Question 01:

2.0g of Nitrogen gas is at 270C in a fixed volume. If 20% of its total internal energy is due to rotation what is the average velocity of nitrogen molecules?
What will be the temperature 2.0 g of Helium gas in a fixed volume if the average velocity of its molecules is 20 m/s ?
Plot schematic of Cv v/s T curve based for nitrogen and helium gas based on Kinetic theory.

Question 02:
200g of melting ice is introduced to a huge lake at 270C. Find the total entropy change of ice-lake system.
200g of melting ice is introduced to a huge lake at 0.20C. Find the total entropy change of ice-lake system.
Can you draw any conclusion based on result? (Hint: tends to reversible, irreversible etc)

Question 01:

To find the average velocity of nitrogen molecules, we can use the formula for average velocity which is given by:

v = sqrt(8kT / πm)

where v is the average velocity, k is the Boltzmann constant (1.38 x 10^-23 J/K), T is the temperature in Kelvin, and m is the molar mass of nitrogen gas (28 g/mol).

First, we need to convert the mass of nitrogen gas from grams to moles by dividing it by the molar mass:
Number of Moles = 2.0g / 28 g/mol = 0.0714 mol

Next, we need to convert the temperature from Celsius to Kelvin:
Temperature in Kelvin = 270°C + 273.15 = 543.15 K

Now we can substitute these values into the formula to find the average velocity:
v = sqrt(8 * 1.38 x 10^-23 J/K * 543.15 K / π * 28 g/mol)
v ≈ 515.04 m/s

To find the temperature for 2.0g of Helium gas with an average velocity of 20 m/s, we can rearrange the formula to solve for temperature:
T = (v^2 * πm) / (8k)

Let's plug in the values:
T = (20 m/s)^2 * π * 4 g/mol / (8 * 1.38 x 10^-23 J/K)
T ≈ 230,053 K

As for plotting the Cv v/s T curve based on the Kinetic theory, I would need more specific information about the specific heat capacities (Cv) for nitrogen and helium gases over a range of temperatures to accurately create the schematic plot.

Question 02:
To find the total entropy change of the ice-lake system, we can use the formula for entropy change given by:

ΔS = Q / T

where ΔS is the entropy change, Q is the heat transferred, and T is the temperature in Kelvin.

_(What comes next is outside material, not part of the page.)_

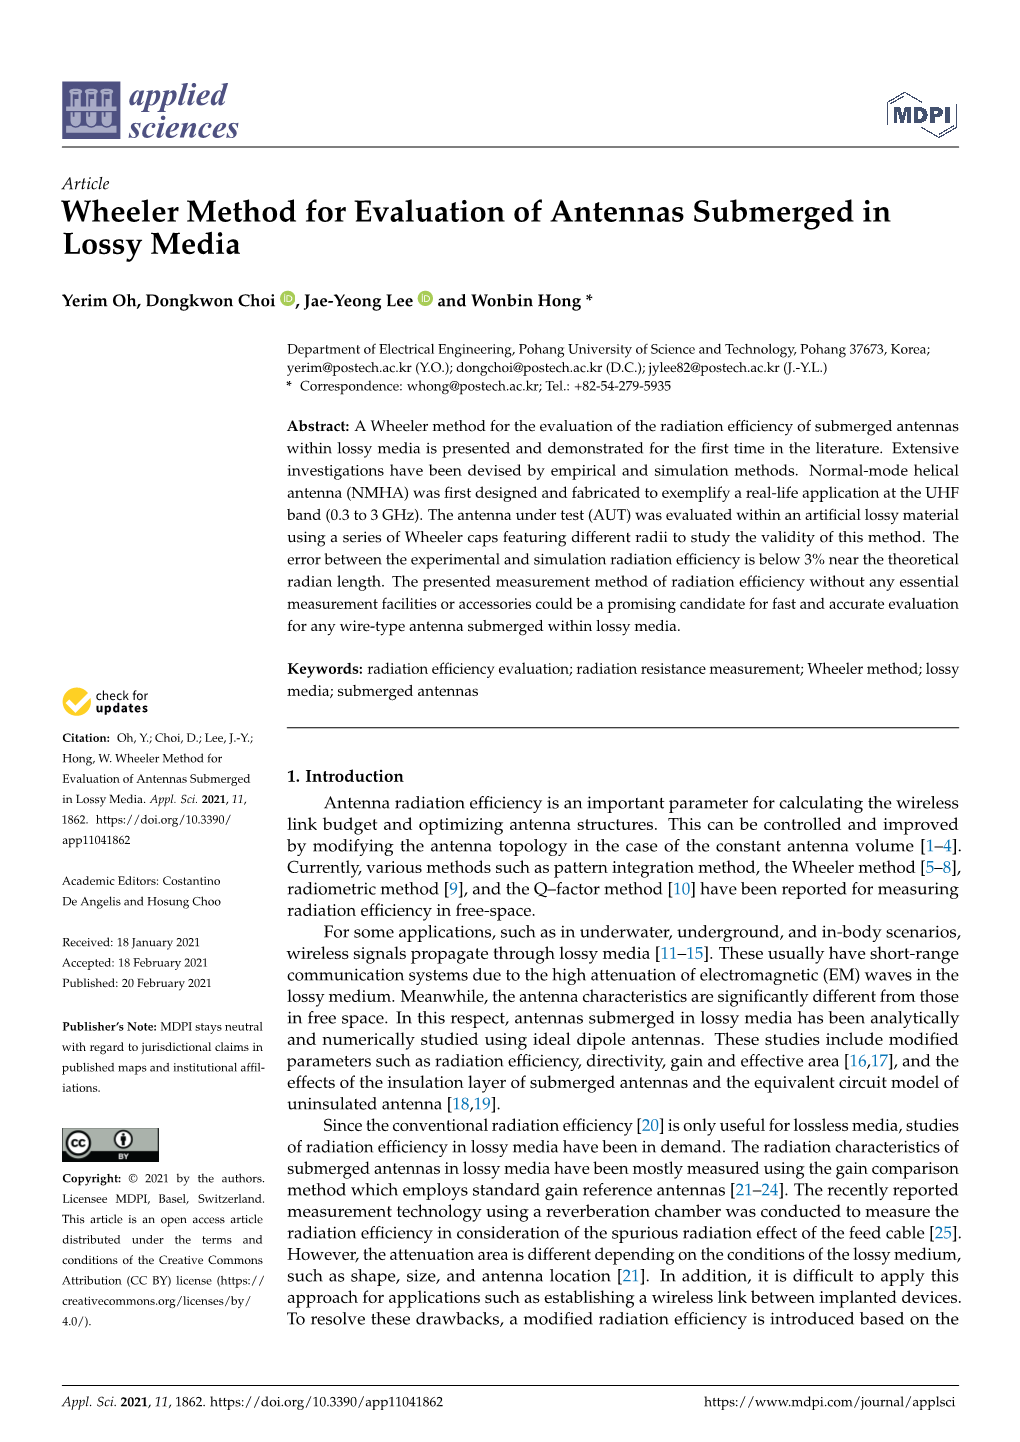 Wheeler Method for Evaluation of Antennas Submerged in Lossy Media

First, we need to determine the heat transferred during the melting process. The heat transferred is given by:

Q = ml

where m is the mass of the ice and l is the latent heat of fusion of ice (also known as the heat of fusion). The latent heat of fusion for ice is approximately 334 J/g.

For the first scenario where the ice is introduced at 27°C:
Q = 200g * 334 J/g = 66,800 J

Next, we need to convert the temperature from Celsius to Kelvin:
Temperature in Kelvin = 27°C + 273.15 = 300.15 K

Now we can substitute these values into the entropy change formula:
ΔS = 66,800 J / 300.15 K
ΔS ≈ 222.57 J/K

For the second scenario where the ice is introduced at 0.20°C:
Q = 200g * 334 J/g = 66,800 J

Temperature in Kelvin = 0.20°C + 273.15 = 273.35 K

ΔS = 66,800 J / 273.35 K
ΔS ≈ 244.57 J/K

Based on the results, we can conclude that the entropy change tends to be irreversible, meaning that there is an increase in the total entropy of the system as the ice is introduced to the lake. This is because the process involves heat transfer from a higher temperature (the lake) to a lower temperature (the ice), which is a spontaneous process that tends to increase the entropy.